"Oh, Mr. Yagami, welcome."

"Hi, yes, thank you — glad I logged on in time, or just in at least."

"Your timing is excellent. We'll get started in a few minutes."

"Sure, of course. Great to see everyone. Really happy this is all coming together."

"Well, I should say everyone here is thrilled to be starting these conversations, at long last."

"On our end, too. And I appreciate your assistance in arranging this call. I know schedules like ours aren't easy to align."

"It's my pleasure. All right, it looks like our senior staff are all logged on. We'll do introductions as soon as our director joins."

"Fantastic."

"Absolutely, and do let me know if — oh, yes, good morning, Ms.

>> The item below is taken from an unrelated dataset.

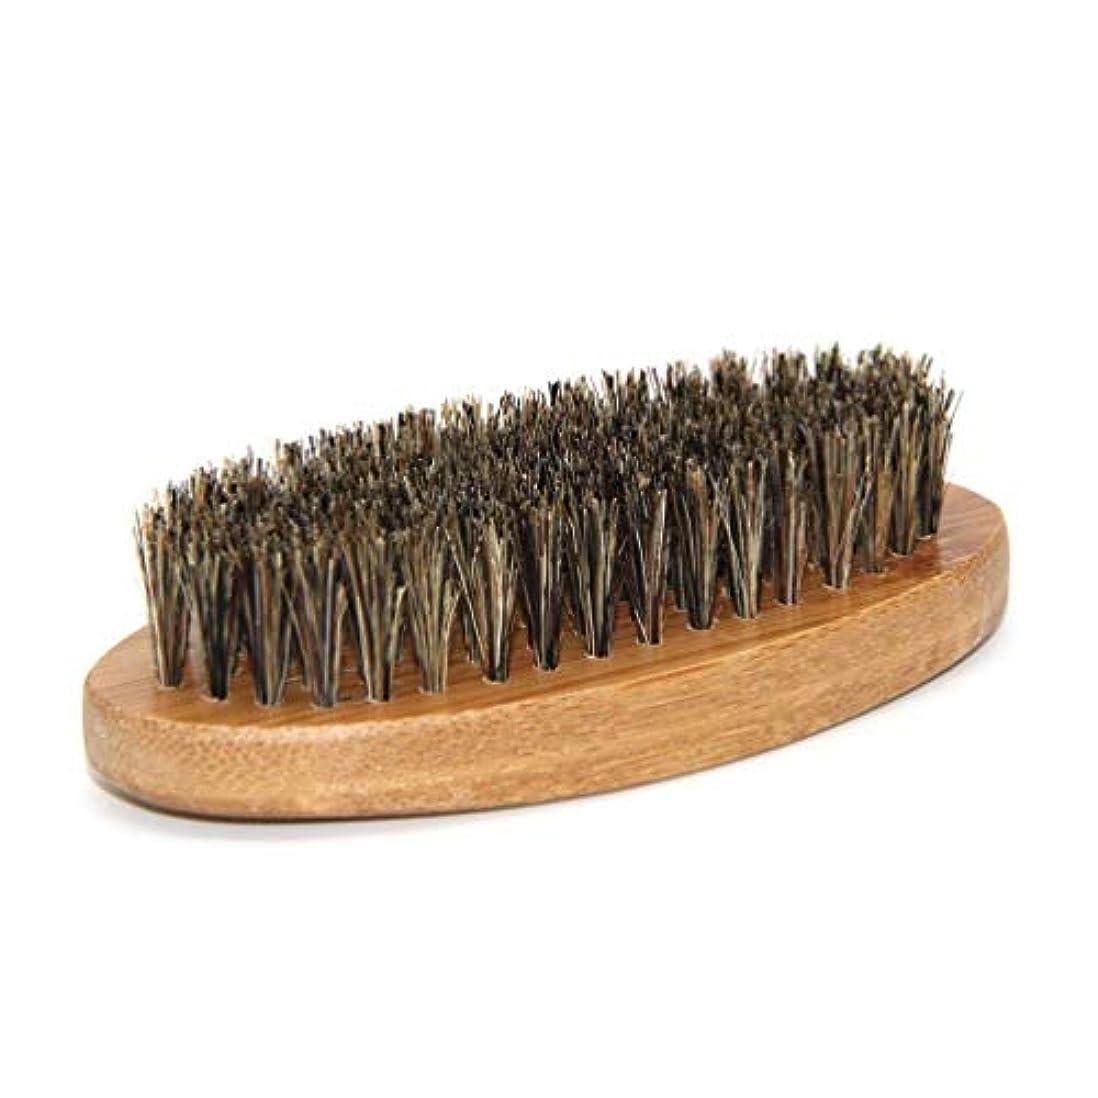 保守可能木曜日定数男性のイノシシの毛の毛のひげの口ひげのブラシ軍の堅い円形の木製のハンドル-ブラウン
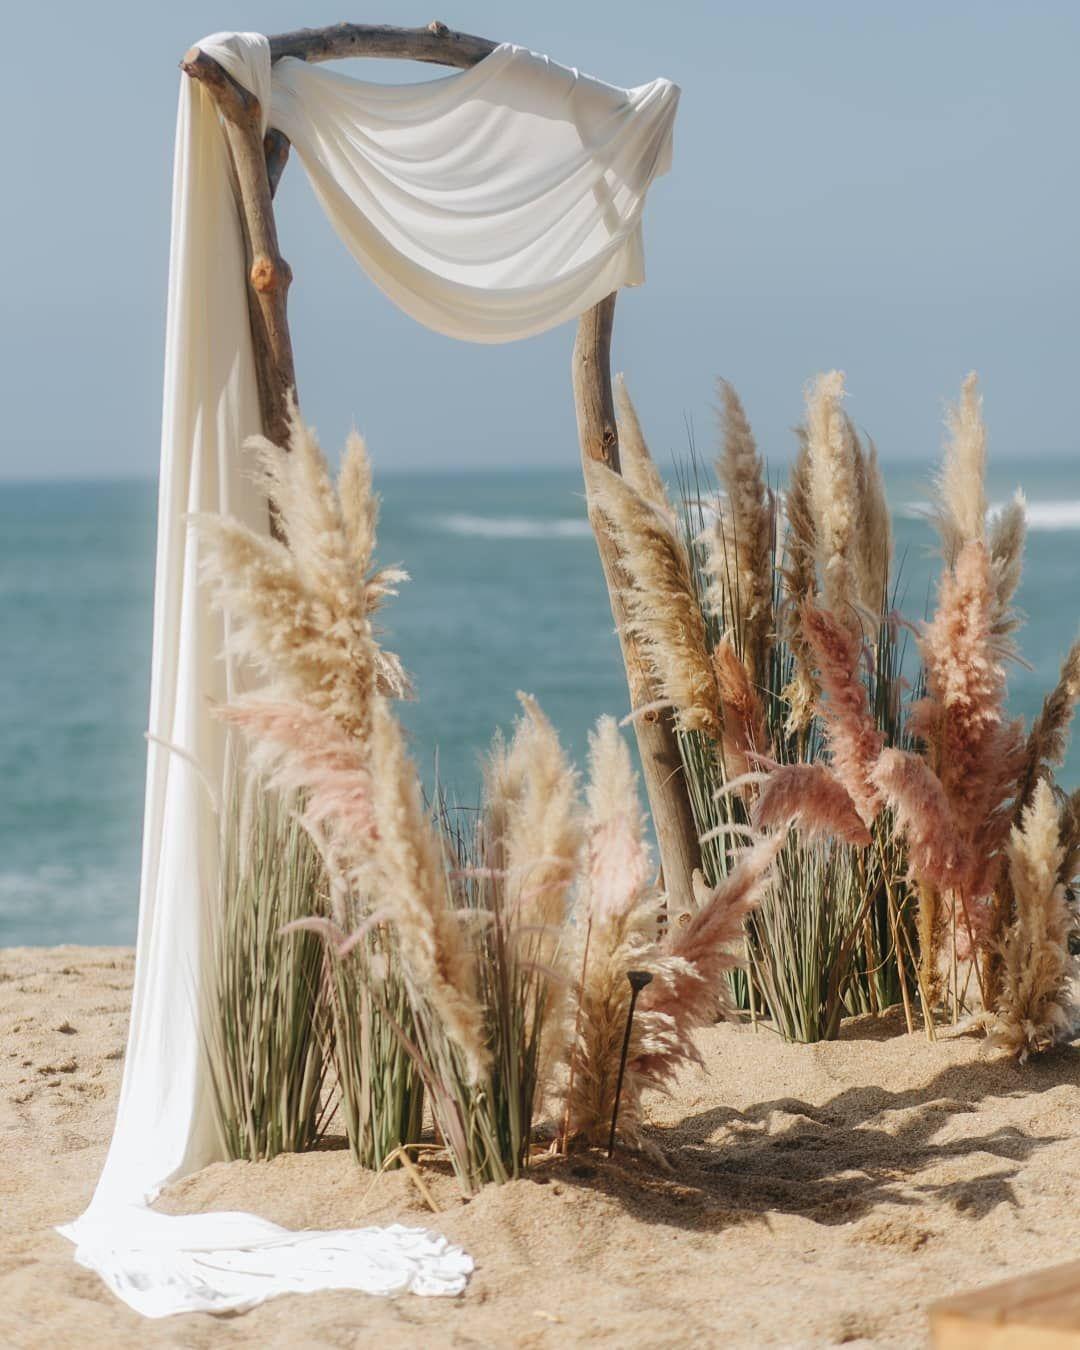 Pin By Decorelle.eu On Decorelle Wedding Flowers In 2019

Tachikawa."

"Good — ,"

His eyes meet hers on the screen, the same second it goes blank. He hears the laptop slam shut in the bedroom. Everyone freezes, or maybe time does, for him at least.

"Okay," says her head of operations, hosting the virtual meeting room, clearing his throat. "Let's give Ms. Tachikawa a moment? I will check her connection and we can rejoin the link in five — ,"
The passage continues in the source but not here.